Aufstockung des Euro-Rettungsfonds "Überflüssig wie ein Kropf"

Stand: 05.08.2011 17:54 Uhr

Mehr Geld für den Rettungsfonds? Zumindest überprüfen wollen das EU-Kommissionspräsident Barroso und Währungskommissar Rehn. Doch aus Berlin kommt dazu weiterhin ein klares Nein, zumindest von den Regierungsparteien. Die Debatte sei überflüssig. Und auch die Kritik an Barroso wird lauter.

Die Antwort der Bundesregierung auf Forderungen aus Brüssel nach einer Überprüfung - und eventuell auch Aufstockung - des Euro-Rettungsfonds ist eindeutig: Nein. Bereits gestern hatte das Finanzministerium auf einen Brief Barrosos reagiert. Dieser trage nicht gerade zur Beruhigung der Märkte bei und stelle Fragen, die bereits beim Gipfel am 21. Juli beantwortet worden seien. Heute kritisierte auch Vizekanzler Philipp Rösler (FDP) den Vorstoß : Er sehe "gar keine Notwendigkeit für eine erneute Diskussion". Die von Barroso ausgelöste Debatte komme zur Unzeit. "Es ist gerade einmal zwei Wochen her, da wurden weitreichende und gute Beschlüsse gefasst", sagte der Wirtschaftsminister der Nachrichtenagentur dpa. Entscheidend sei, dass verschuldete Länder wie Griechenland ihre Wettbewerbsfähigkeit erhöhten - dann würden "sich auch die Märkte wieder beruhigen".

"Die von Barroso angestoßene Debatte ist überflüssig wie ein Kropf", sagte der CDU-Haushaltsexperte Norbert Barthle der Nachrichtenagentur Reuters. Die Staats- und Regierungschefs der Euro-Zone hätten schließlich erst vor zwei Wochen eine Ausweitung des Volumens eindeutig ausgeschlossen. Auch der stellvertretende Unions-Fraktionschef Michael Meister sprach sich gegen eine Aufstockung aus. Stattdessen sollten Spanien und Italien notwendige Reformen schnell umzusetzen, sagte er der Zeitung "Die Welt".

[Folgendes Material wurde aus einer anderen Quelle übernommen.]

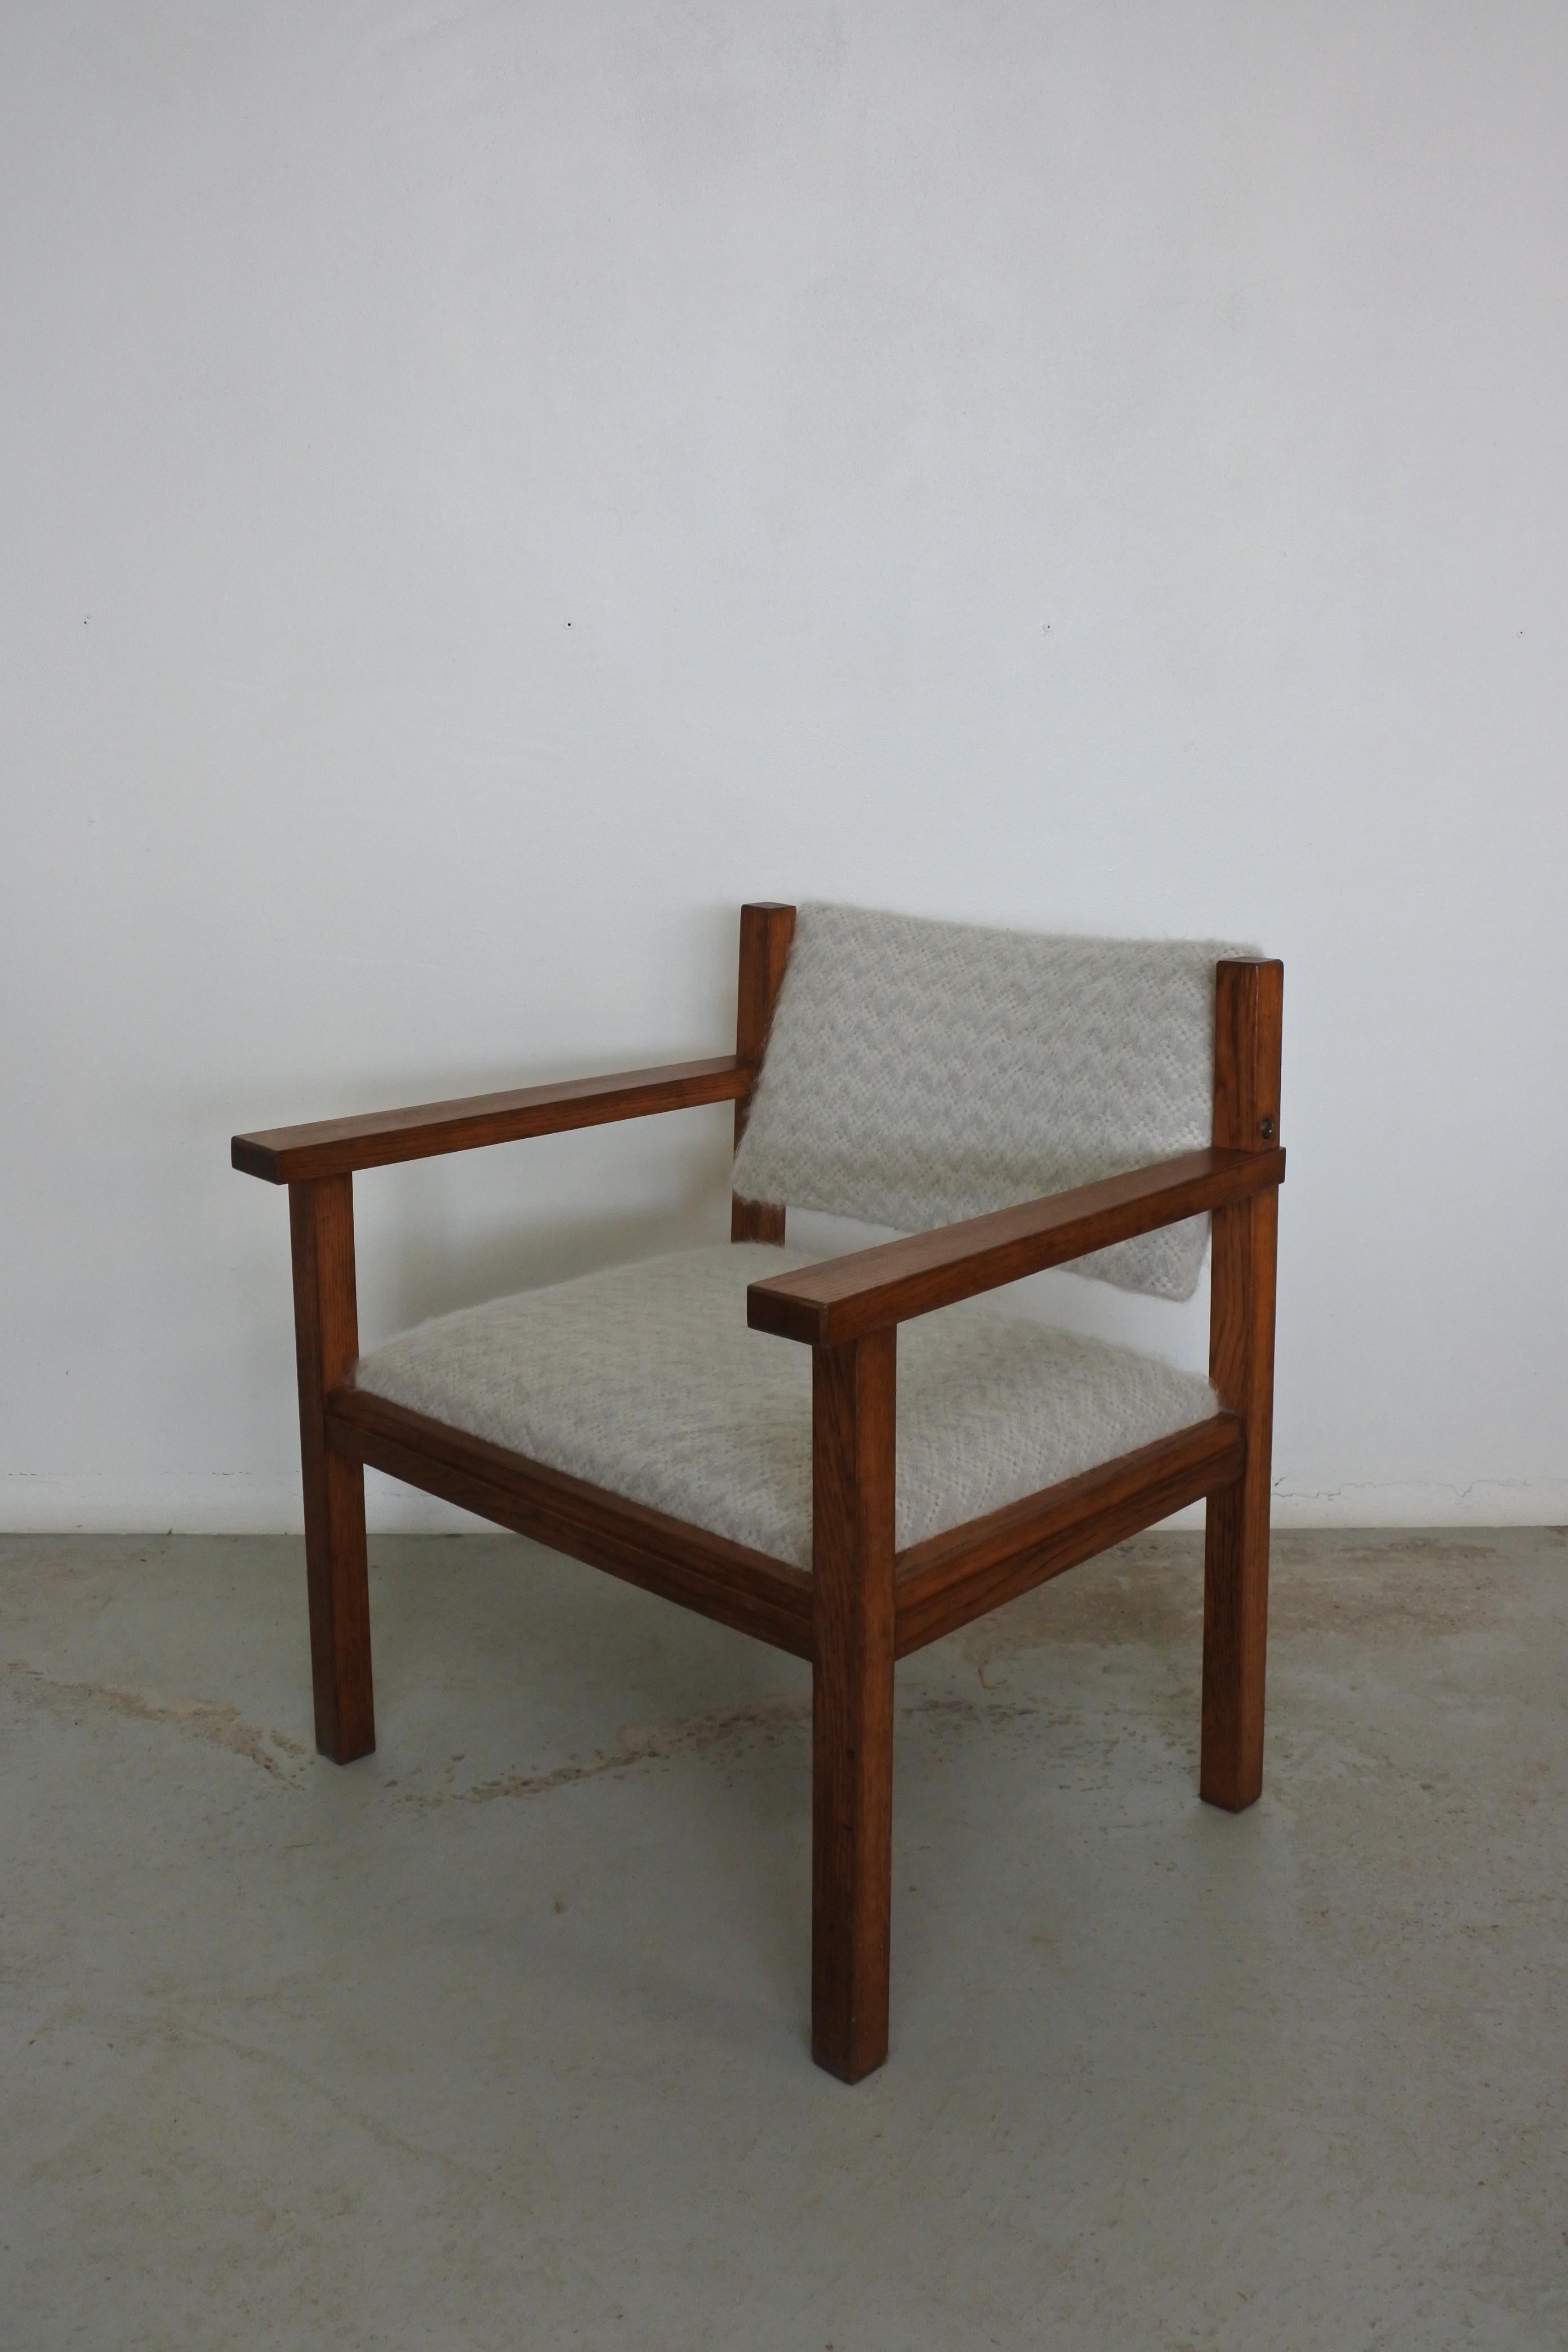 Modernist Armchair in Oak Wood, France, 1940s For Sale 8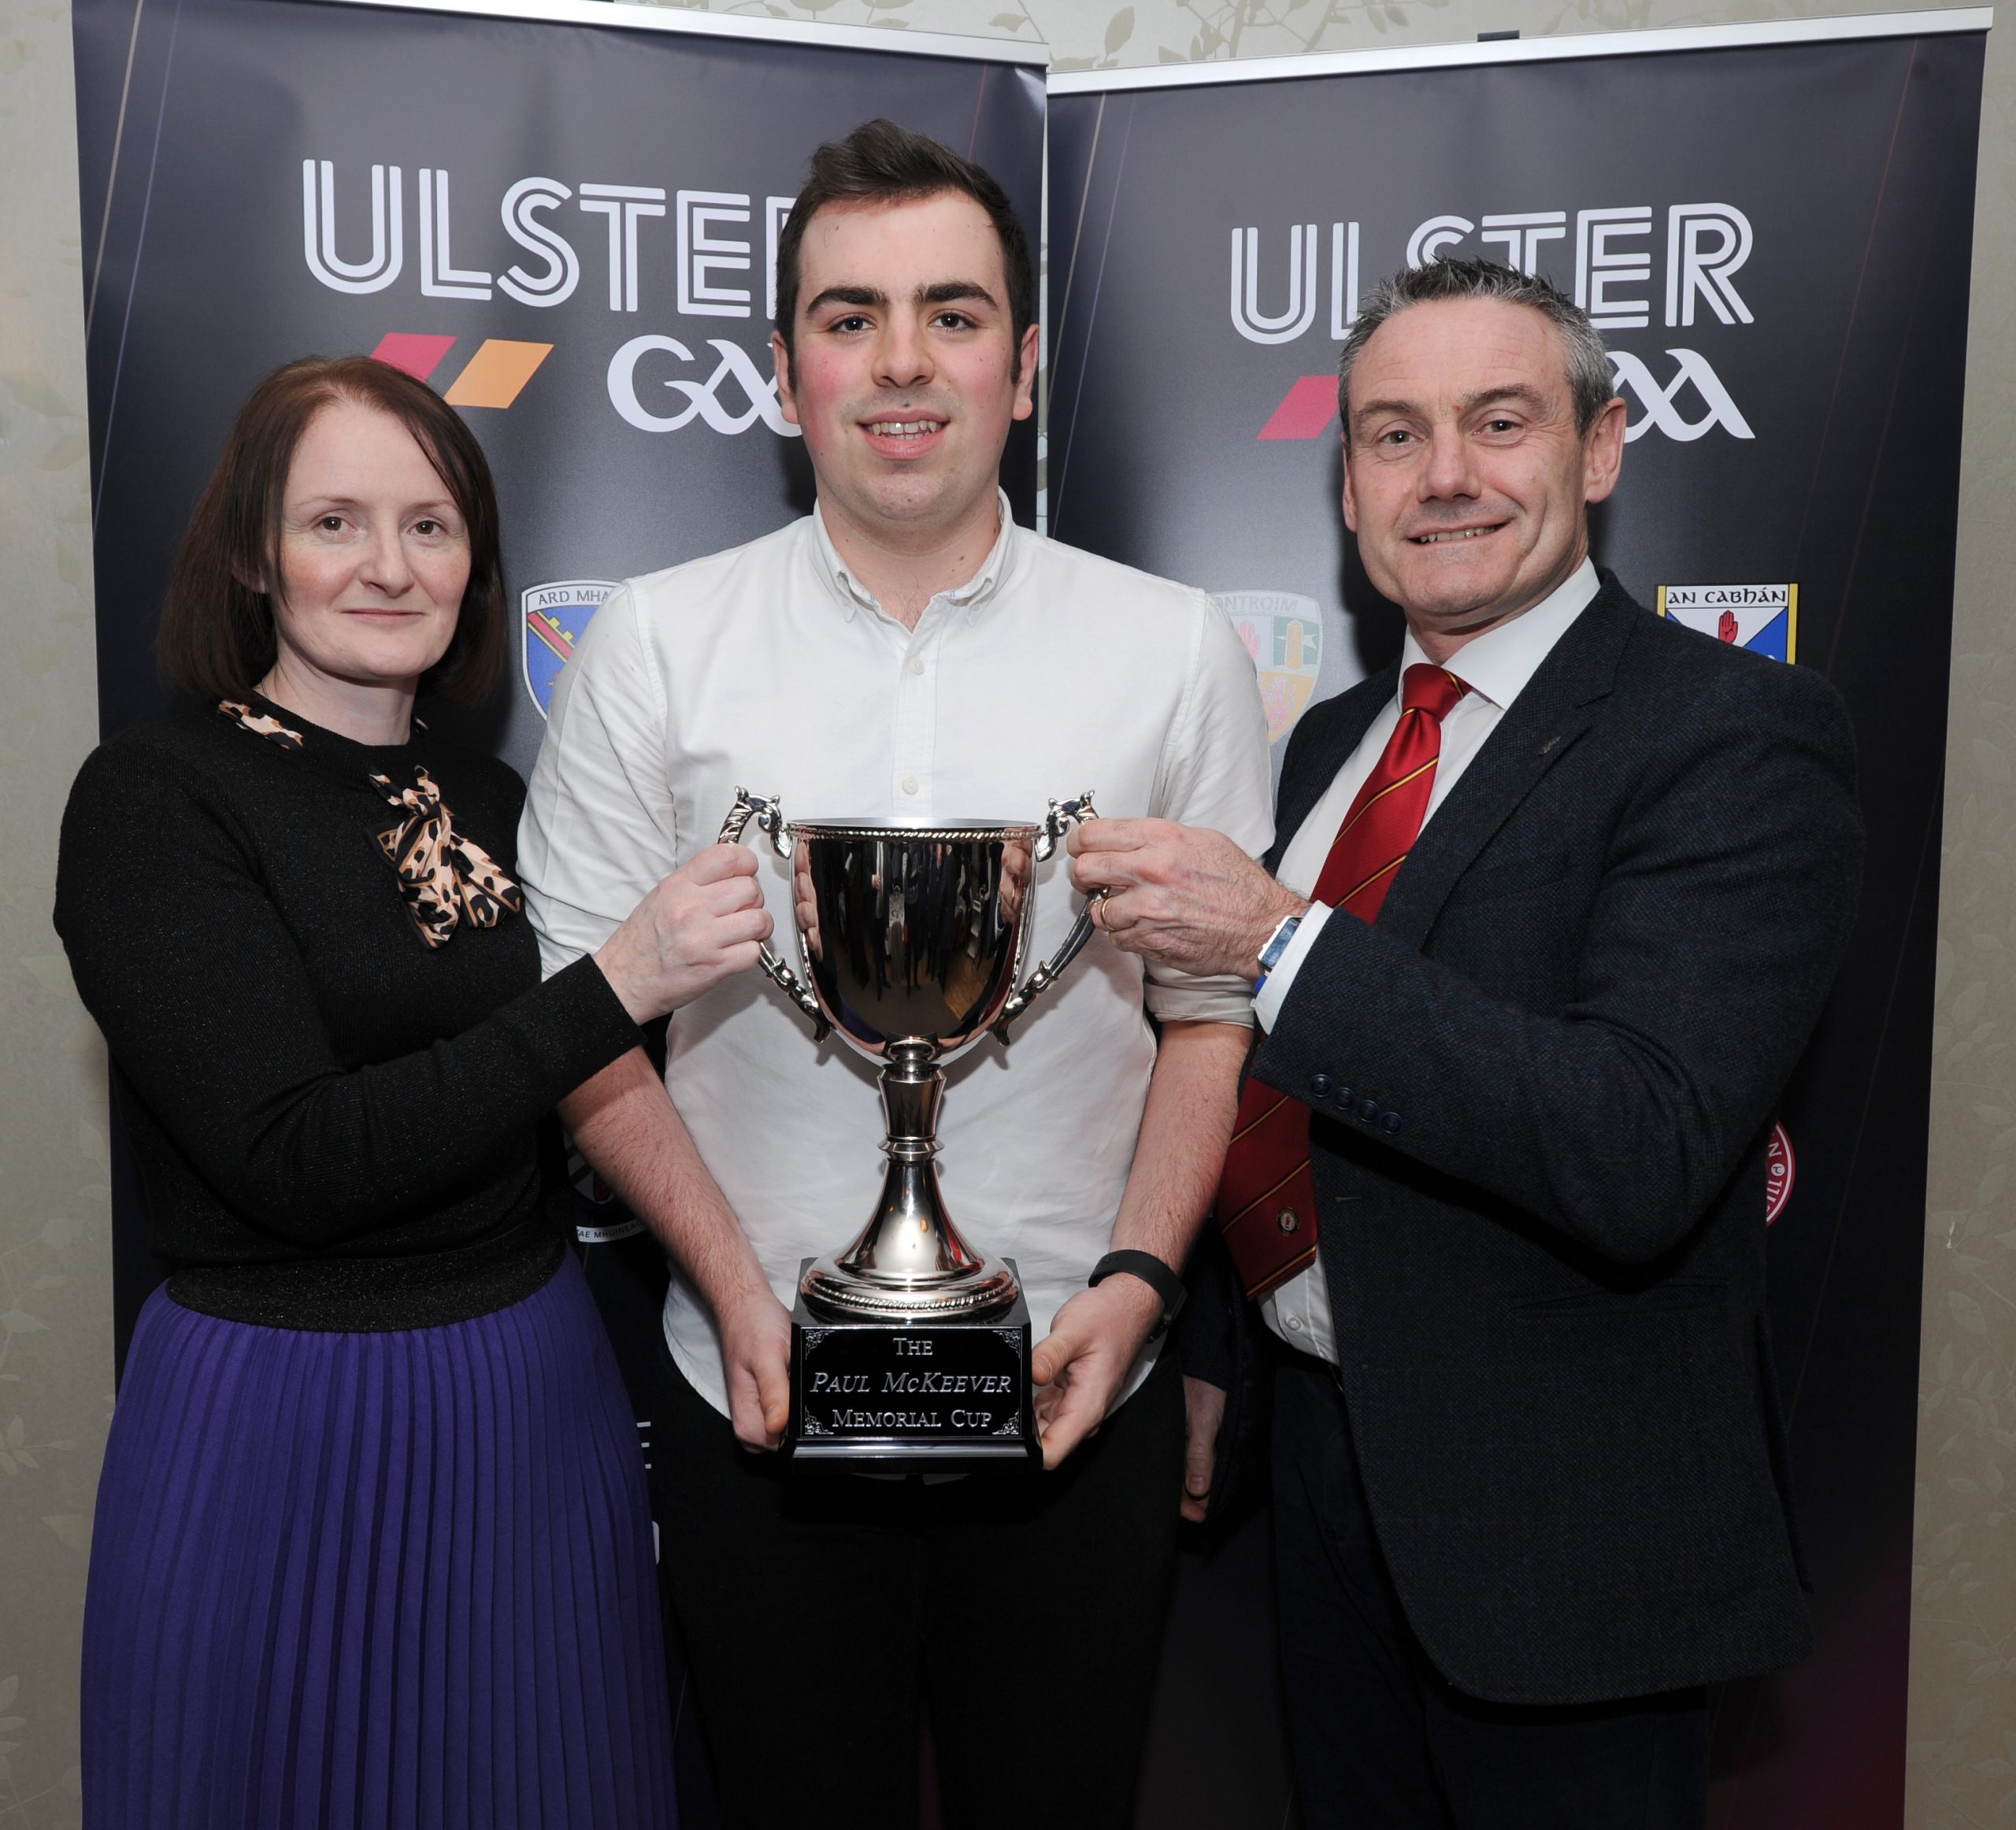 Ulster Referee Awards 2019

Die Opposition drängt die Bundesregierung dagegen zu weiteren Schritten. Eine konzertierte Aktion der sieben großen Industriestaaten und Russlands (G8) müsse für eine Beruhigung der hochnervösen Finanzmärkte sorgen, sagte SPD-Fraktionsvize Joachim Poß. Grünen-Fraktionschef Jürgen Trittin und der finanzpolitische Sprecher Gerhard Schick unterstützten Barroso und forderten weitere Maßnahmen: "Dazu zählen eine Ausweitung des Rettungsschirms und endlich auch die dringend notwendige Einführung von Eurobonds." SPD-Haushaltsexperte Cartsen Schneider forderte Kanzelerin Angela Merkel via "Spiegel Online" auf, ihren Urlaub abzubrechen.

Finanzexperte fordert Barroso-Rücktritt

Der Finanzexperte Wolfgang Gerke griff Barroso in der ARD scharf an. "Ich fordere den Rücktritt von Herrn Barroso. Wir brauchen an der Spitze der Kommission jemanden, der neutral ist." Barroso habe mit seinem Vorstoß als Portugiese agiert, der möglichst viel Geld in den Rettungstopf bringen wolle, aus dem Portugal geholfen wird.

Beim Brüsseler Gipfel vor zwei Wochen war mit einem zweiten Milliarden-Notpaket der 17 Euro-Länder und des Internationalen Währungsfonds (IWF) eine Staatspleite Griechenlands abgewendet worden. Zudem wurden weitere Kompetenzen für den EFSF beschlossen. Dennoch entzogen Anleger nun auch Italien und Spanien das Vertrauen. Die Zinsen für Staatsanleihen beider Länder stiegen auf Rekordwerte.